Advantages and disadvantages to these approaches are outlined below:

Serial testing

  • This is the protocol recommended by both WHO (in 1997) and the Centers for Disease Control and Prevention (in 1998). But these recommendations were based on test systems that used serum or plasma, not whole blood.

  • Several published studies have demonstrated highly accurate test results (predictive values) comparable to ELISA's in sensitivity and specificity. The results are equivalent — and in some ways better than — the standard algorithm of ELISA followed by Western blot. These studies also conclude that this approach is accurate and cost-effective.

  • Drawing of a veni-puncture sample of blood (one option) makes it possible to have additional sera for use in a second HIV test, if necessary, or to test for other relevant diseases, such as syphilis or hepatitis. The extra sample can be archived for quality assurance. If a finger-prick sample were used, the client would have to be called back to give a sample for a second test.

  • This process requires a longer waiting time for clients who test positive on the first test. Good patient flow management could address the issue of longer waiting times. This waiting time might be used to provide health information and to minimize anxiety. Video or other distractions may be provided.
  • This approach is less expensive than parallel testing given the current cost of HIV testing kits, blood tubes and needles.

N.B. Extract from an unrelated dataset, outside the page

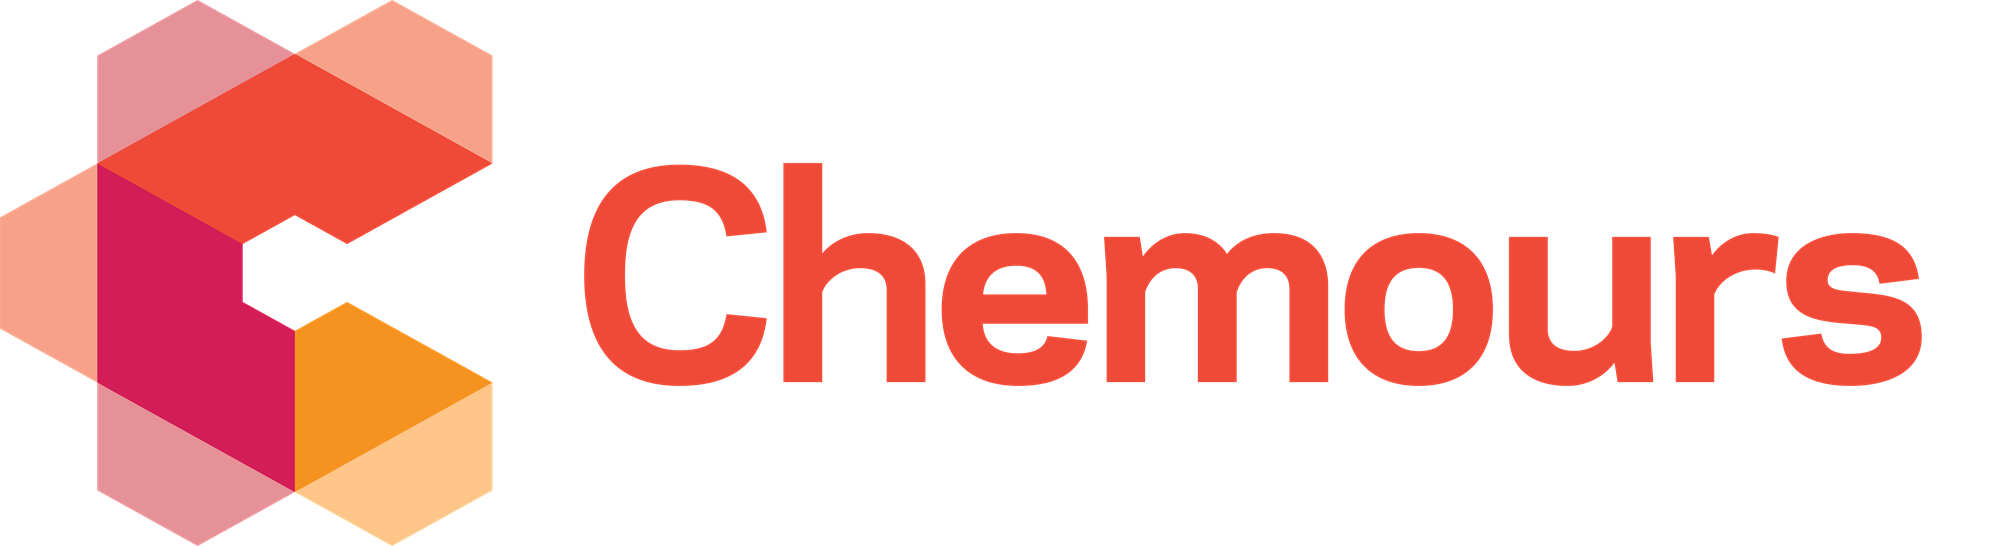 Chemours Brands

Savings depends on the HIV prevalence in the client bases (higher prevalence results in a greater number of second tests in the serial testing system). But at least half of the tests used in the parallel system would also be administered in a serial system.

Parallel testing

  • Several published studies find no significant difference in accuracy between parallel testing and serial testing.
  • Clients perceive that two tests are better than one. This increased trust in the VCT center reduces "shopping around" and helps win public trust in the services.
  • Having two tests done with only one finger-stick reduces the potential for stigma that might result if patients are called back for a second visit, which would be the case for serial testing systems using rapid HIV tests.

  • Shorter clinic waiting times resulting from simultaneous testing might reduce the time taken from work, benefiting the client. The shorter waiting time might also lessen the anxiety experienced while waiting for results.

  • Blood samples taken by finger prick are more suitable for field conditions (mobile clinics, remote areas, doctor's offices) than is veni-puncture.

Resources

  1. WHO (Weekly Epidemiological Record #12, Mar 1997).
  2. CDC (Mar 27, 1998 Morbidity and Mortality Weekly Report).
  3. Wilkinson et al. AIDS 1997,11:337-381.
  4. Anderson et al. AIDS 1997; 11; 1815-1822.
  5. Kobalvi-Dème et la. Journal of Clinical Microbiology; Vol. 39 No5 May 2001, p 1808-1812.